The legend tells of how the gang was officially born when its founder stepped into a Nuestra Familia-controlled yard and began fighting multiple of its leaders at once. And while no proof exists of this fight, the story still gives us an idea of the values upon which the Northern Riders were built. According to several police reports, the Northern Riders could be described as a drop-out gang, whose members are recruited with the promise of a rules-free environment in which they will have to answer to no-one.

Although the Riders have grown to include more than 1200 members, today little is known of their activities within the US prison system. The gang operates as a network rather than following a specific hierarchy, however, a choice which puts a lot of the decisional power in the hands of each affiliate instead of those of a boss.

Number #1 – Sureños
A conglomerate of precariously affiliated gangs, held together by a flimsy net of alliances, the Sureños have been the spiked fist of the Mexican Mafia ever since their creation in 1967. Throughout most of its existence, this large organization maintained strongholds in most of the United States. Its members also operate in Mexico as well as in several countries throughout Europe and South America.

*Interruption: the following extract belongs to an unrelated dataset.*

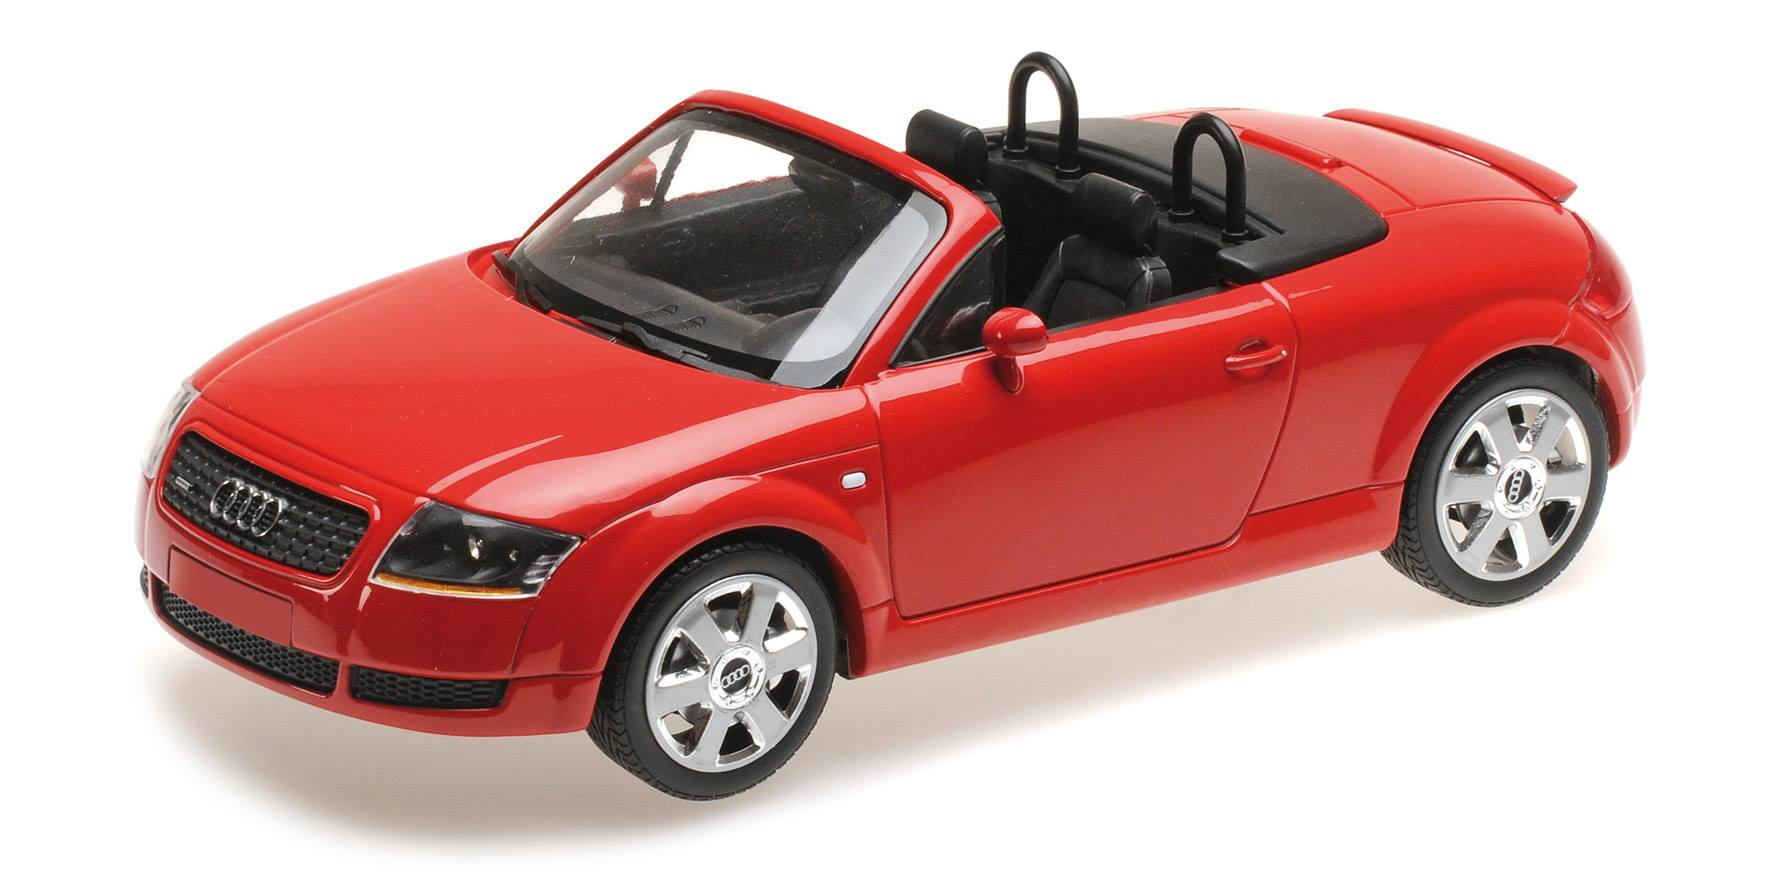 Audi Tt Roadster 1998 Red Minichamps 155017032 Minichamps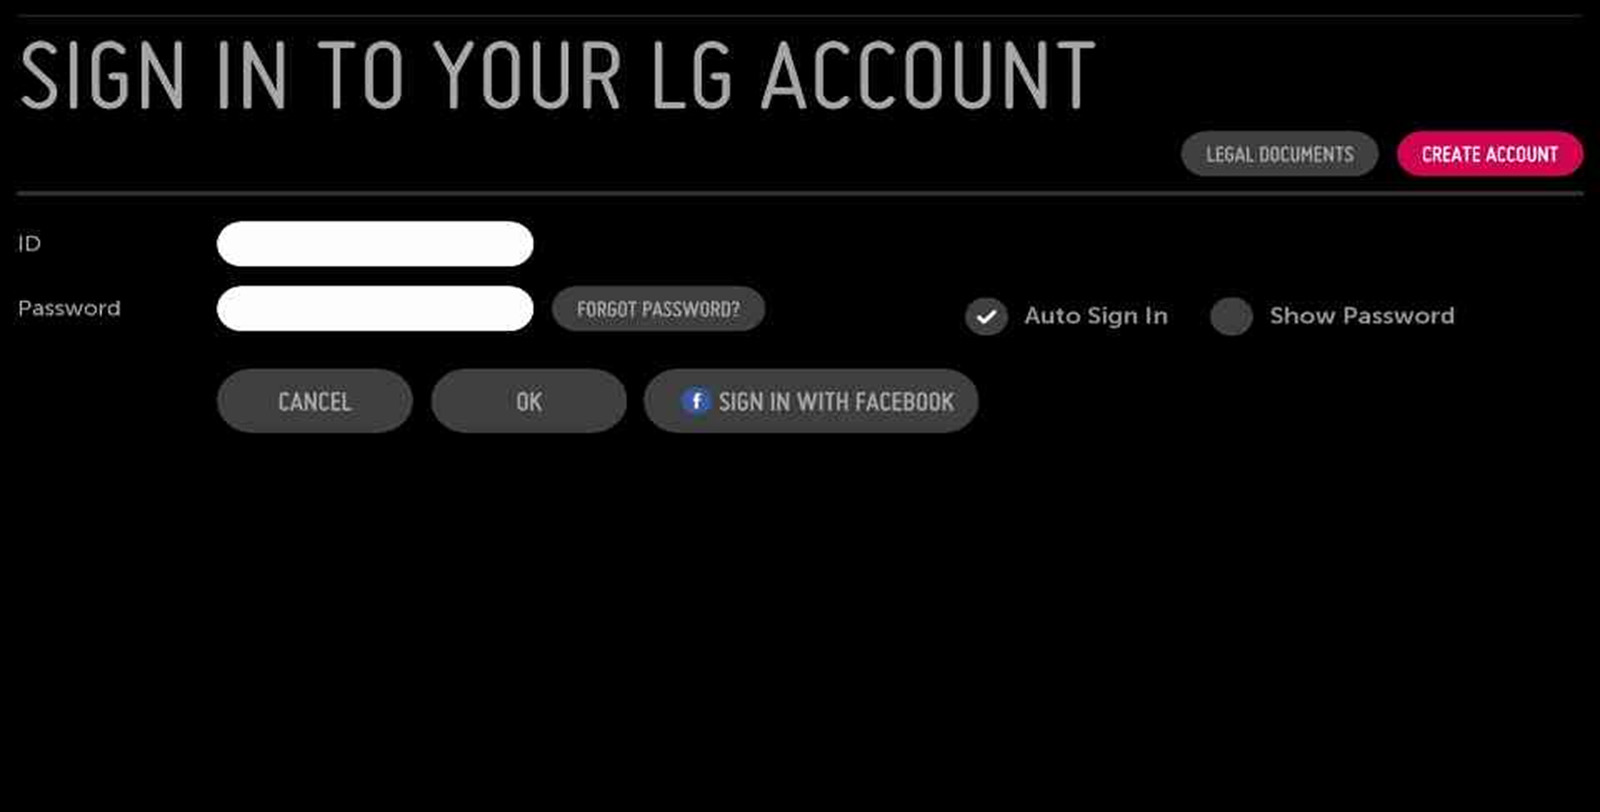 LG Smart World Account Management - Creating LG Accounts | LG USA

Having sworn allegiance to La Eme, the Sureños have always been in a war with the Norteños and other parts of the Nuestra Familia. The structure of this criminal group however – in which the various cliques still retain a lot of individual power – has sometimes also led to internal disputes. Conflict between different gangs, both of which identify as Sureños, remains a common occurrence on the streets.

Nevertheless, Sureños must drop these rivalries the moment they step into a correctional facility in order to fight their common enemy. Any affiliate that enters the US prison system no longer belongs to their original clique and directly takes orders from the Mexican Mafia. This allows La Eme to mount a united front against the Nuestra Familia and ensure its associates are safe while serving their sentences.

Outside of the federal correctional system, each of the smaller gangs that make up the Sureños retain their independence. As in most criminal groups, these criminals earn their keep through all kinds of unlawful actions, from the sale of drugs and human trafficking to petty robberies.

This was our list of the 5 gangs who defied the Nuestra Familia.